- Developers: Kong Orange, WiredFly
- Publisher: Epic Games Publishing
- Director: Johan Oettinger
- Platforms: Nintendo Switch 2; PlayStation 5; Windows; Xbox Series X/S;
- Release: 2027
- Genres: Platform, adventure
- Mode: Multiplayer

= Out of Words =

Upcoming video game

Out of Words is an upcoming cooperative platform adventure game developed by Kong Orange and WiredFly, and published by Epic Games. It was announced during the Summer Game Fest 2025.

== Gameplay ==
Out of Words is a cooperative platform adventure game that features two-player collaboration. Players control Kurt and Karla as they explore the fictional world of Vokabulantis, using teamwork to traverse handcrafted environments and solve puzzles.

The game supports both local couch co-op and online cross-platform multiplayer. Gameplay includes physics-based puzzles, timing-oriented platforming sequences, and cooperative interactions with the environment. The setting includes stylized locations such as ancient catacombs and clay-built skyscrapers, requiring coordination and communication between players to advance.

Visual elements in the game, including character models and environments, are created using stop-motion animation techniques intended to produce a tactile, handcrafted aesthetic.

== Plot ==
Players follow the story of Kurt and Karla, two characters who have lost their voices. As they journey through the fantastical world of Vokabulantis, they confront obstacles that test their relationship and communication. The narrative explores themes of emotional connection, cooperation, and identity, as the characters work together to restore their ability to speak and understand one another.

The plot focuses on the characters’ shared quest to recover their voices and navigate their relationship amid growing challenges in their environment. The game presents a metaphorical exploration of language, love, and the difficulties of communication in the modern world.

== Development ==
The game is being developed by Danish game development studios Kong Orange and WiredFly, directed by Johan Oettinger of WiredFly, with concepts developed together with poet Morten Søndergaard. The animation and visuals draw heavily on physical puppetry and handcrafted sets.

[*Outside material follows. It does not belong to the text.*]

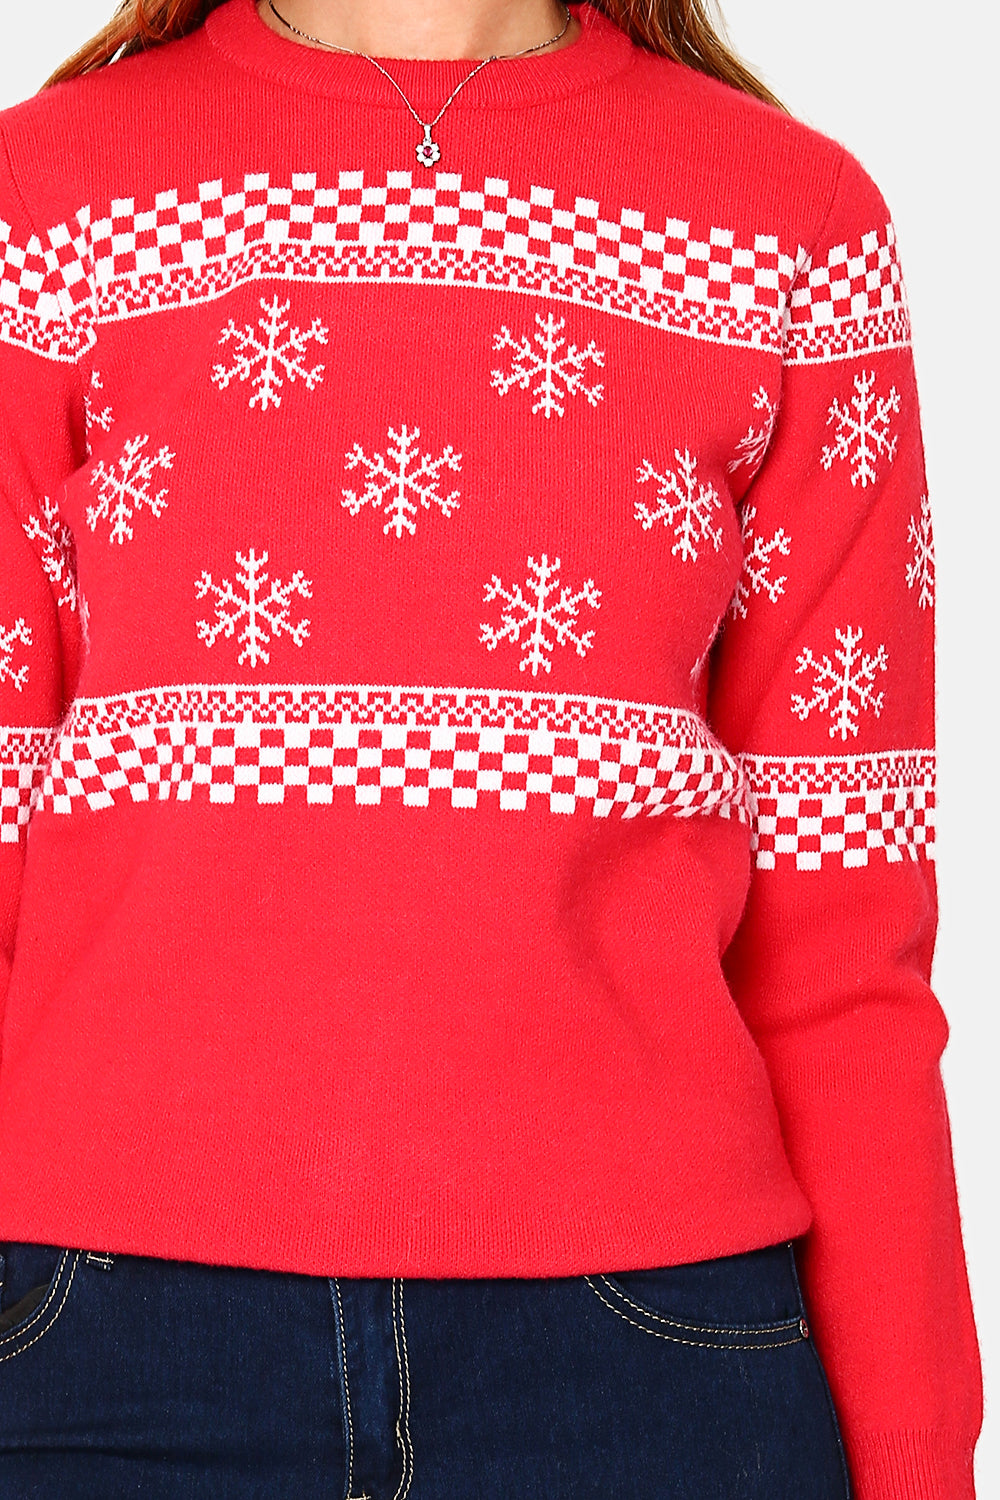 Fancy knit Christmas sweater with round neckline

The game was revealed on June 8, 2025, during Summer Game Fest. Out of Words is scheduled to release in early 2027 for Microsoft Windows via Epic Games Store, PlayStation 5, and Xbox Series X/S. Since the release of the Nintendo Switch 2, the game has also appeared on the official Nintendo Store.

==Reception==
Media outlets including IGN, GameSpot, GamesRadar, and GameRant covered the announcement, praising its unique visual style and thematic depth.

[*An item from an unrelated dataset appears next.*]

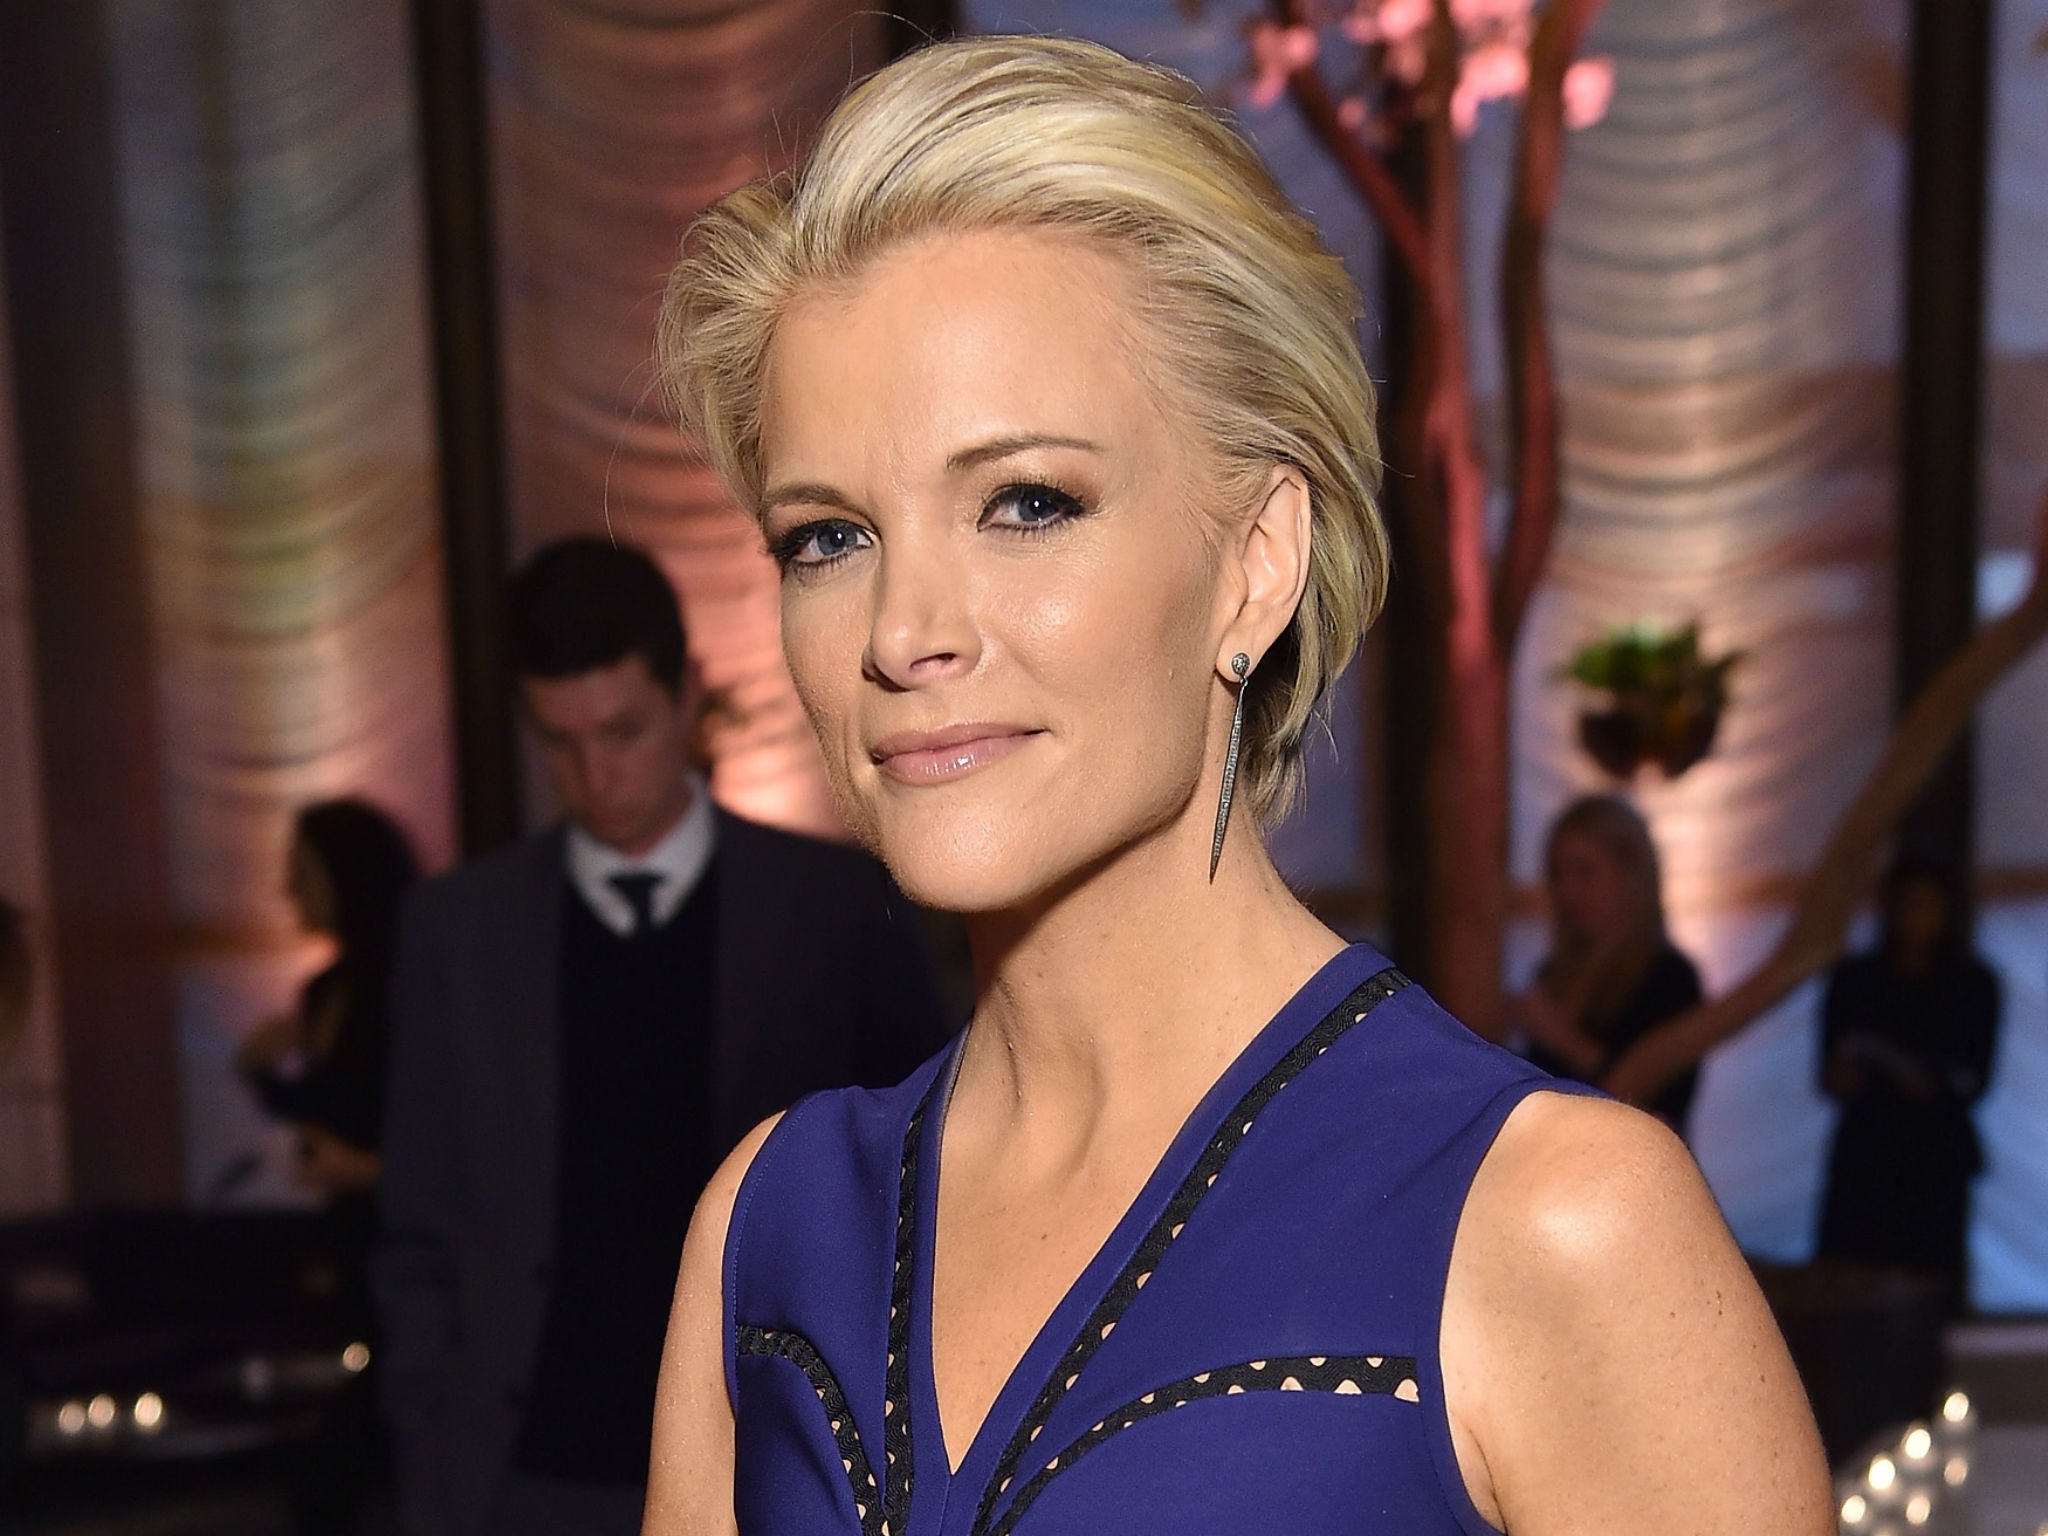 Megyn Kelly's contract with Fox expires next year

Out of Words has drawn comparisons to other narrative co-op games such as It Takes Two and Journey due to its emotional storytelling and cooperative mechanics.

Hideo Kojima, director of Death Stranding 2, publicly praised the game, calling it "simple, gentle, and beautiful" and stated it was the kind of game needed "in an age where we've lost the true meaning of 'words' on social media."